[Exercise]: Go through the listing and set it down exactly, leaving out its pictures.

[Data section]:
◇ ◇ ◇ ◇

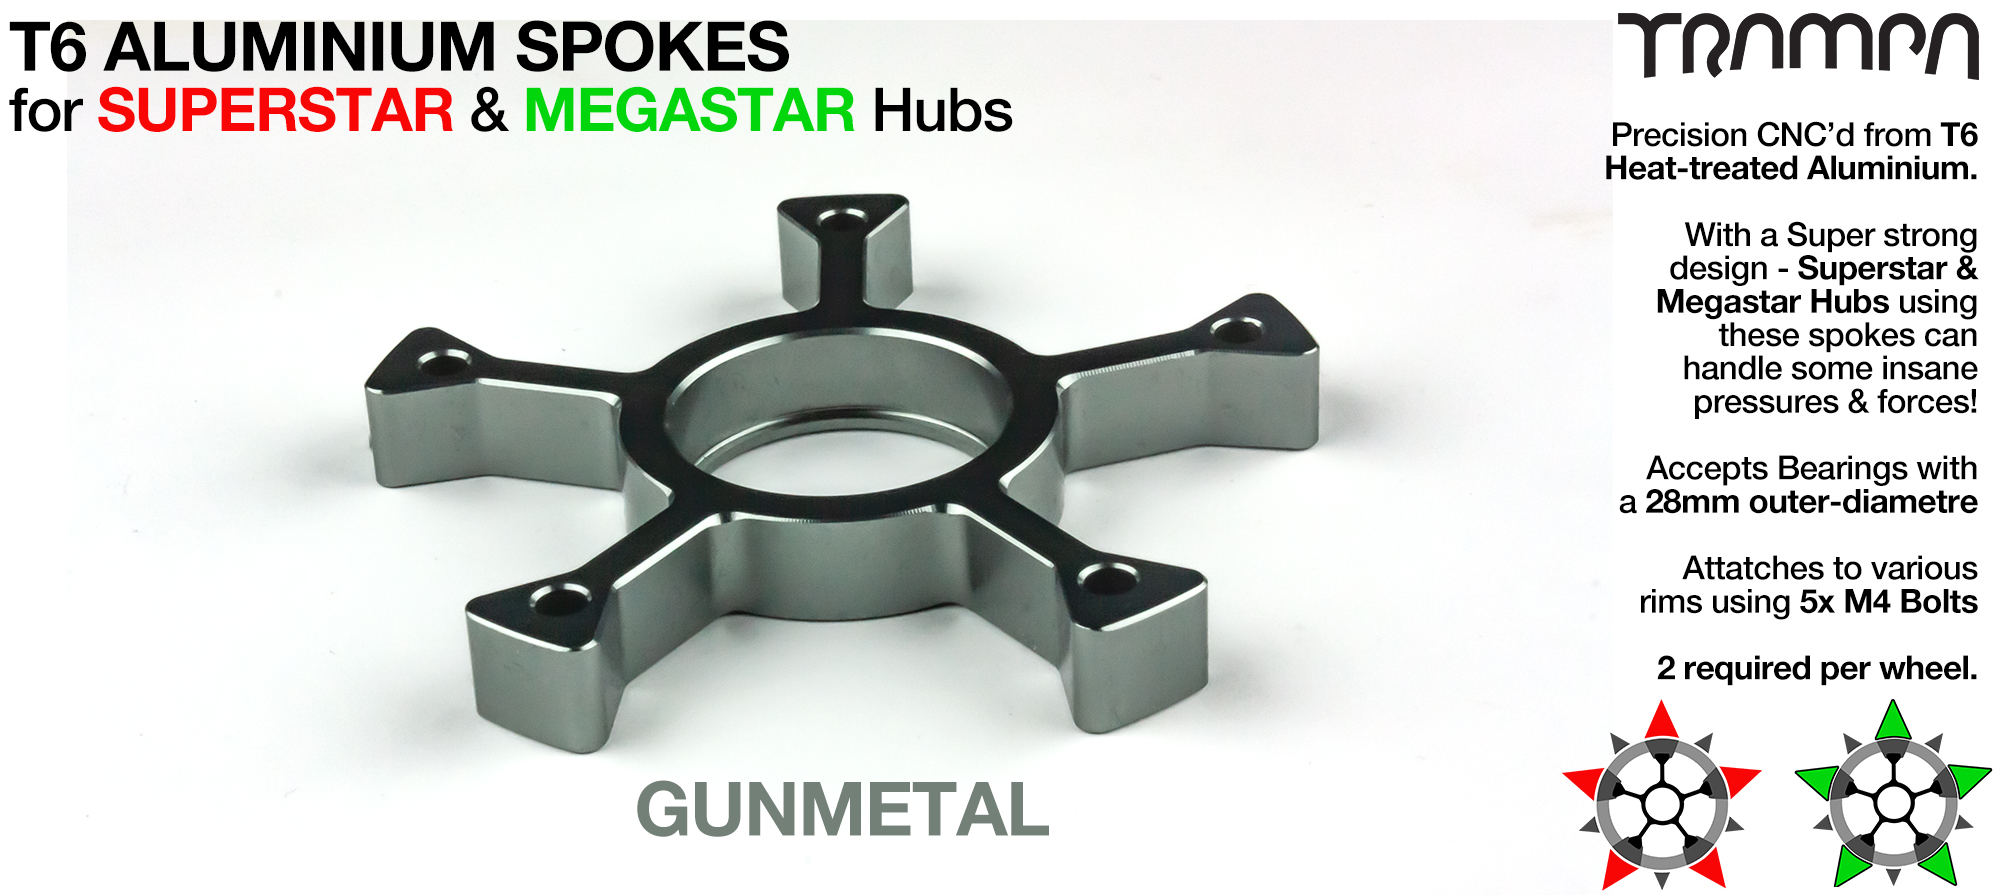 GUNMETAL Anodised Superstar Original Spoke - Extruded T6 Aluminum Heat treated & CNC Precision milled
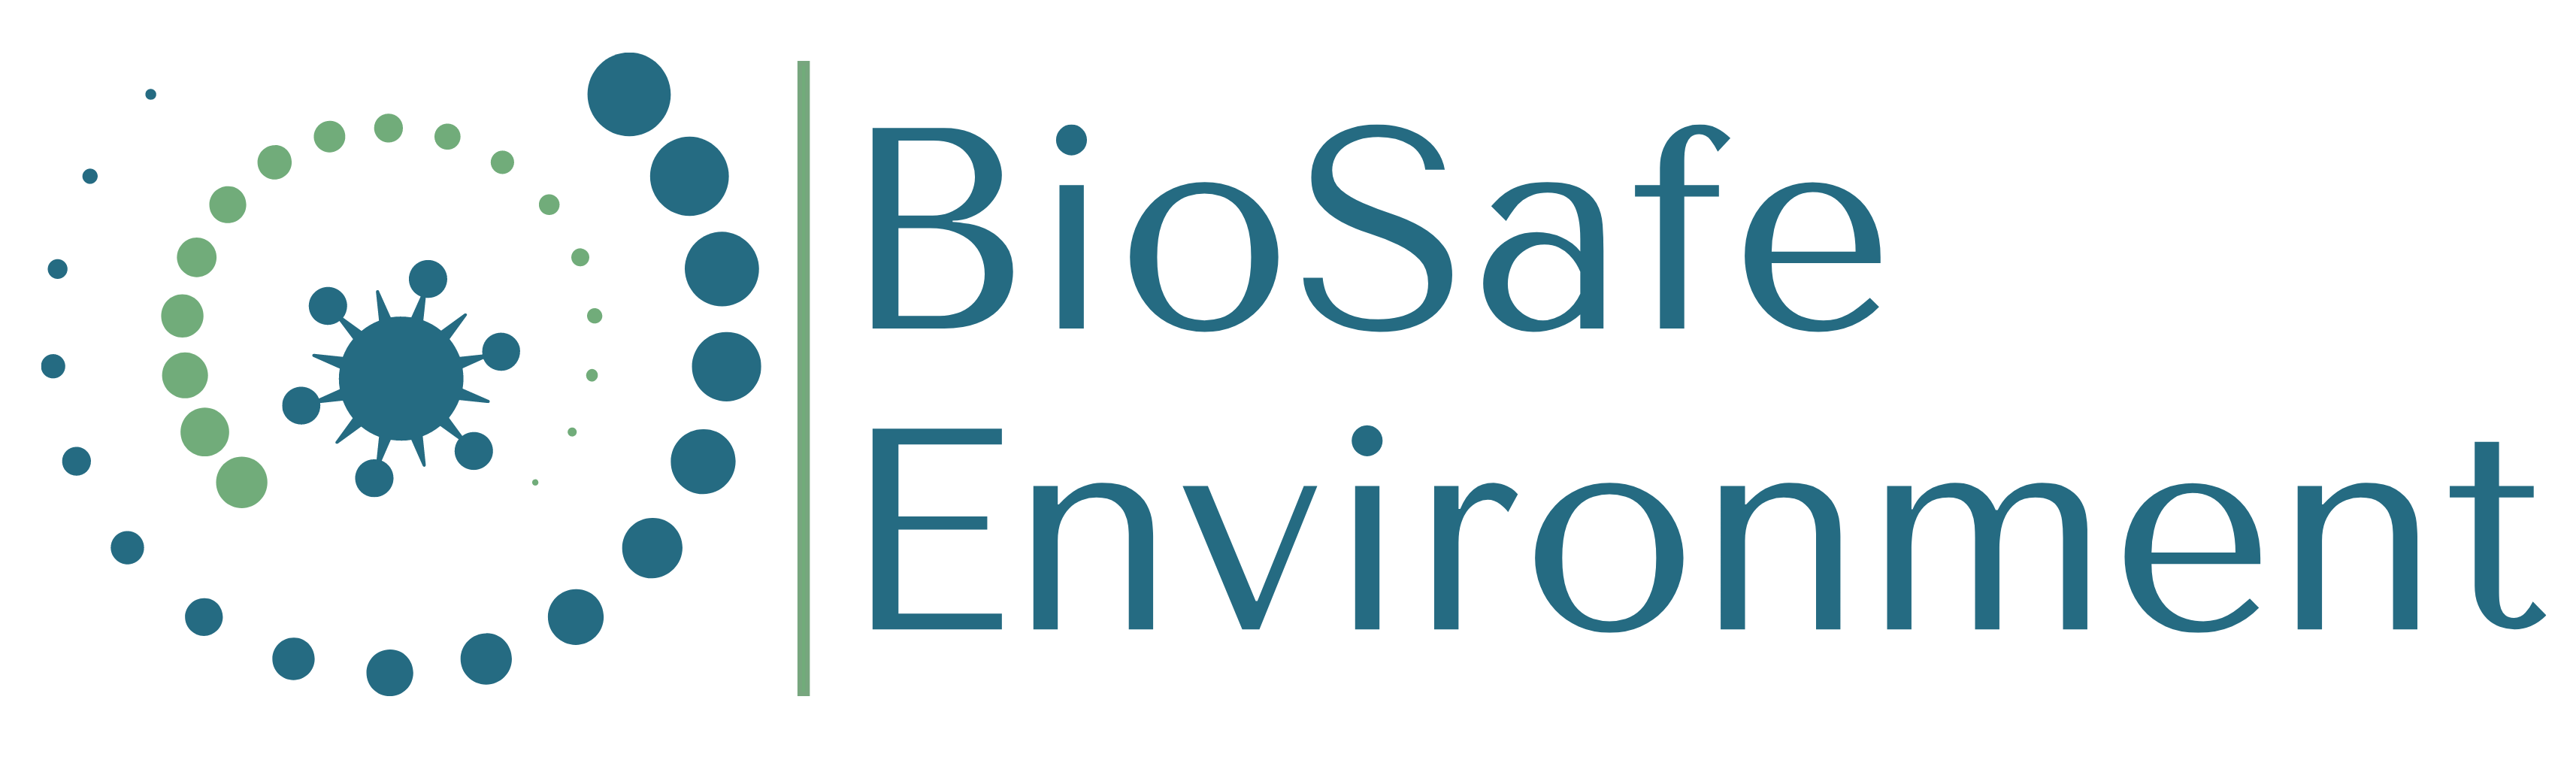 BioSafe Environment Mold Remediation in West Michigan Logo
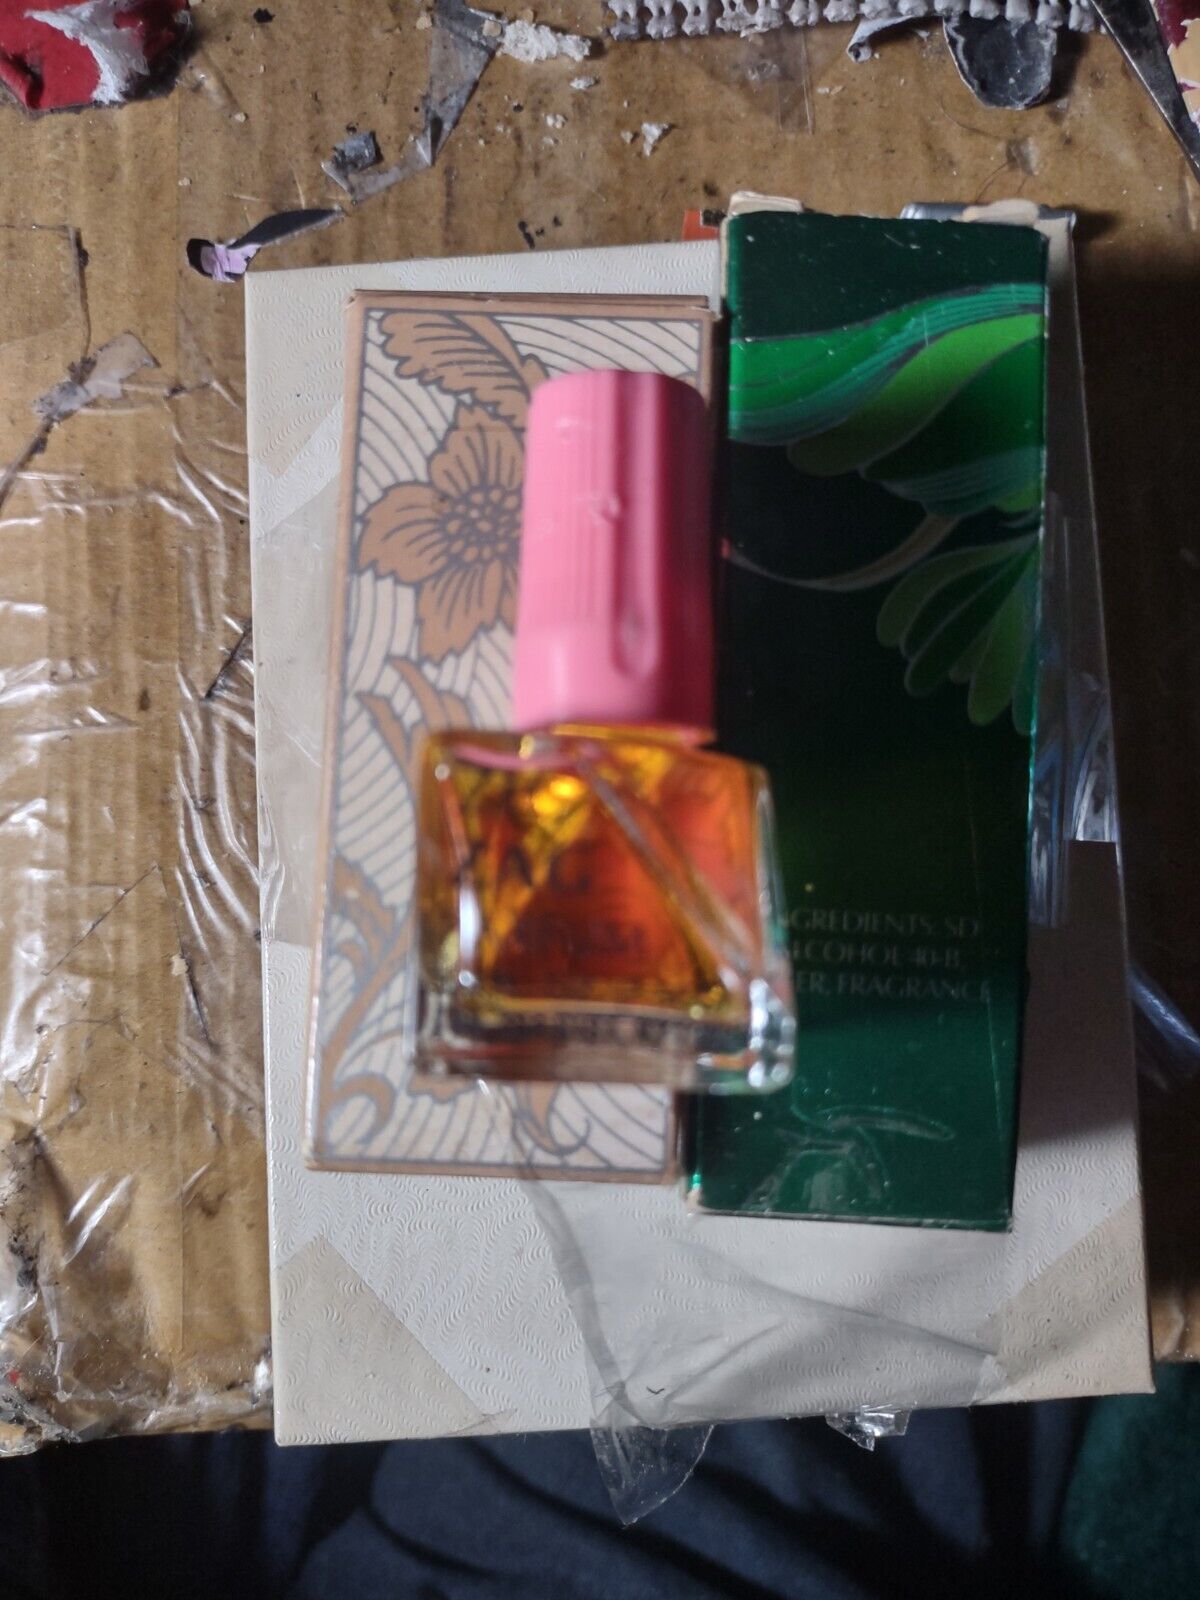 Vintage Rare Zig Zag Perfume Zsa Zsa Gabor Pink Top Bottle 1/4 oz Full No Box
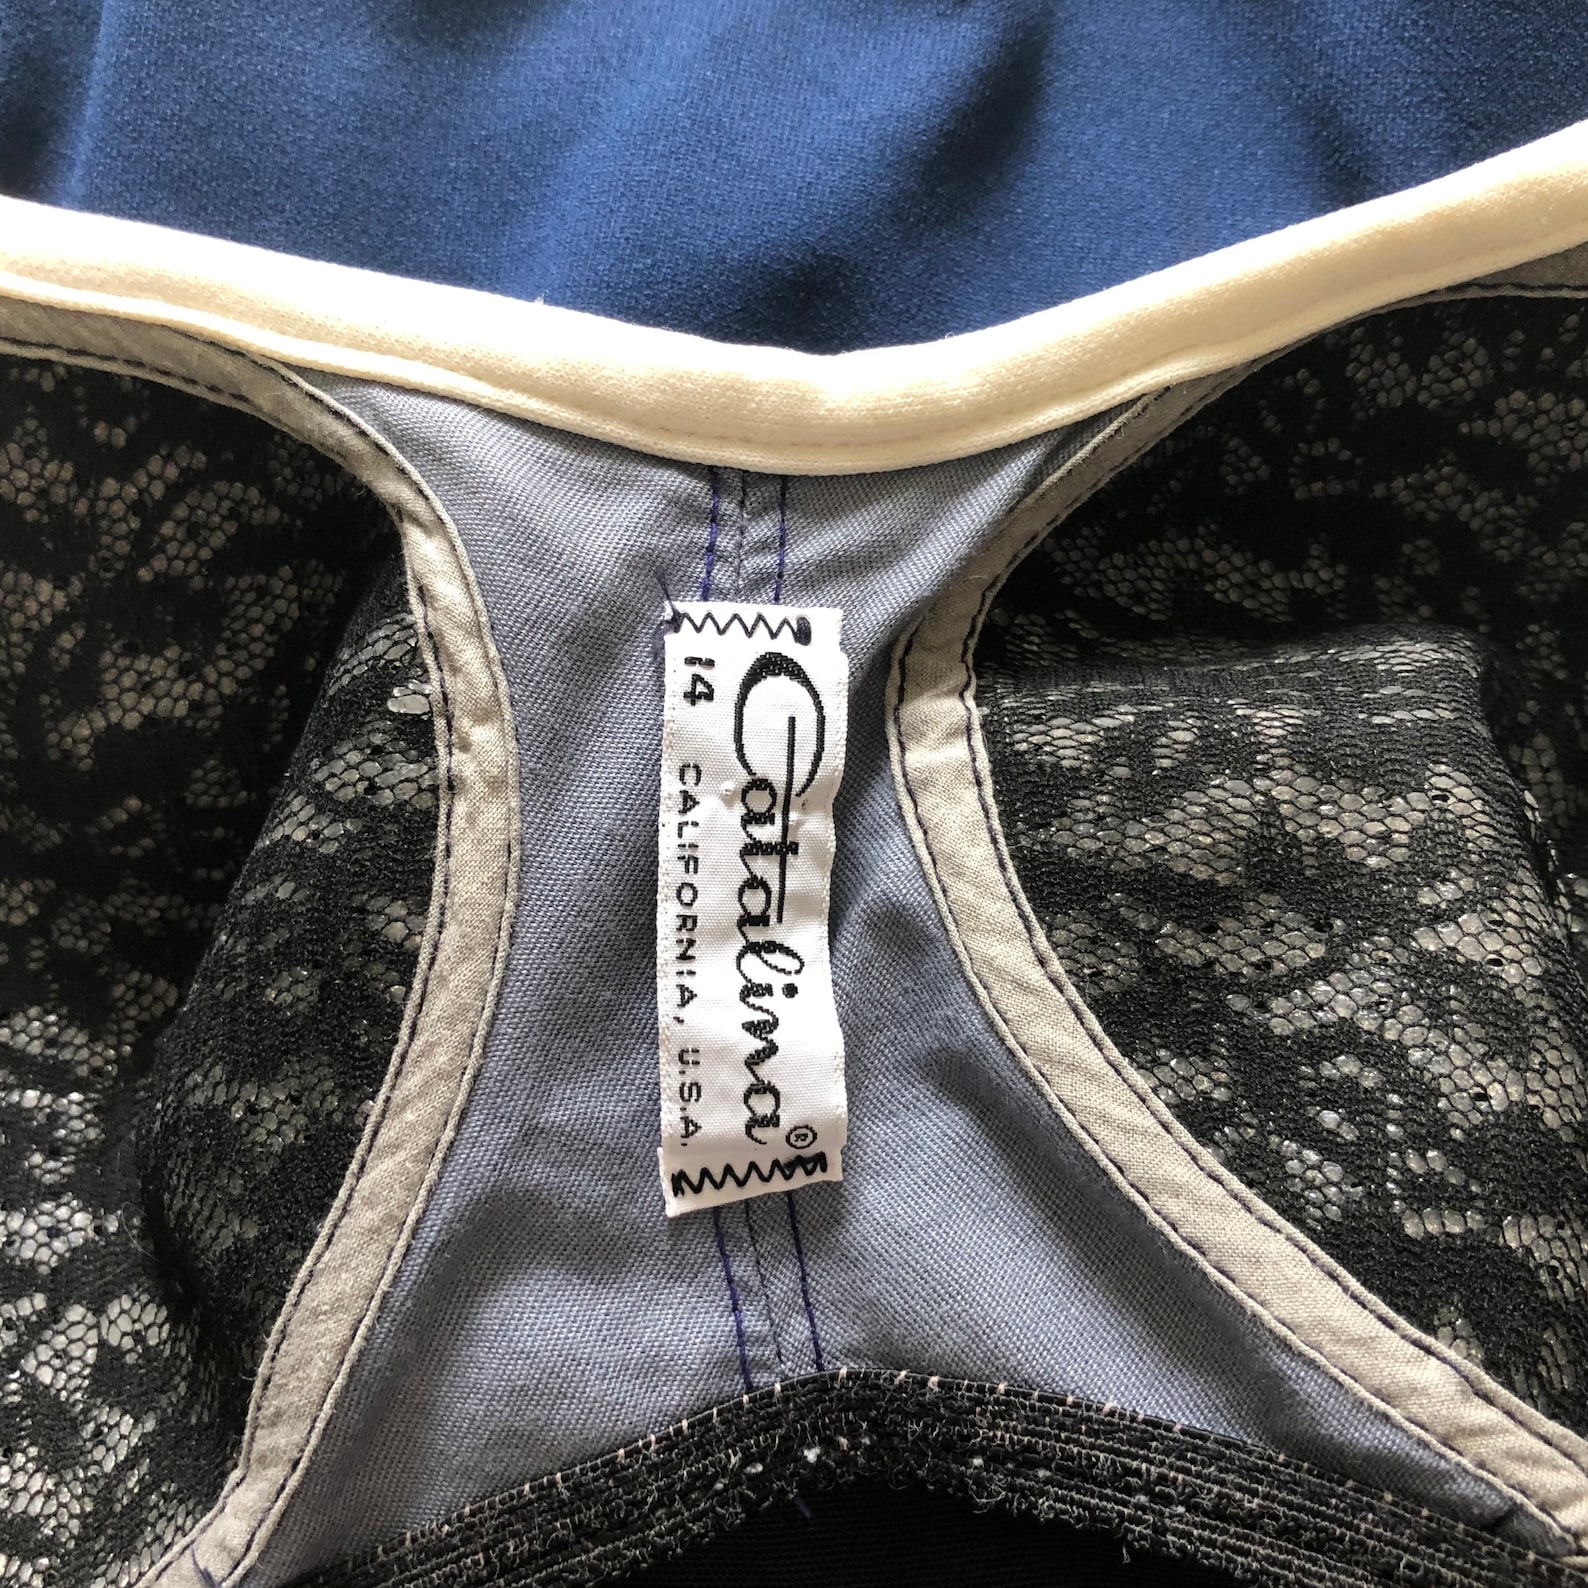 Catalina Swimwear Navy Blue One-piece Medium | Etsy

◇ ◇ ◇ ◇

[Written reply]:
 GUNMETAL Anodised Superstar Original Spoke - Extruded T6 Aluminum Heat treated & CNC Precision milled
 BioSafe Environment Mold Remediation in West Michigan Logo
 Vintage Rare Zig Zag Perfume Zsa Zsa Gabor Pink Top Bottle 1/4 oz Full No Box
 Catalina Swimwear Navy Blue One-piece Medium | Etsy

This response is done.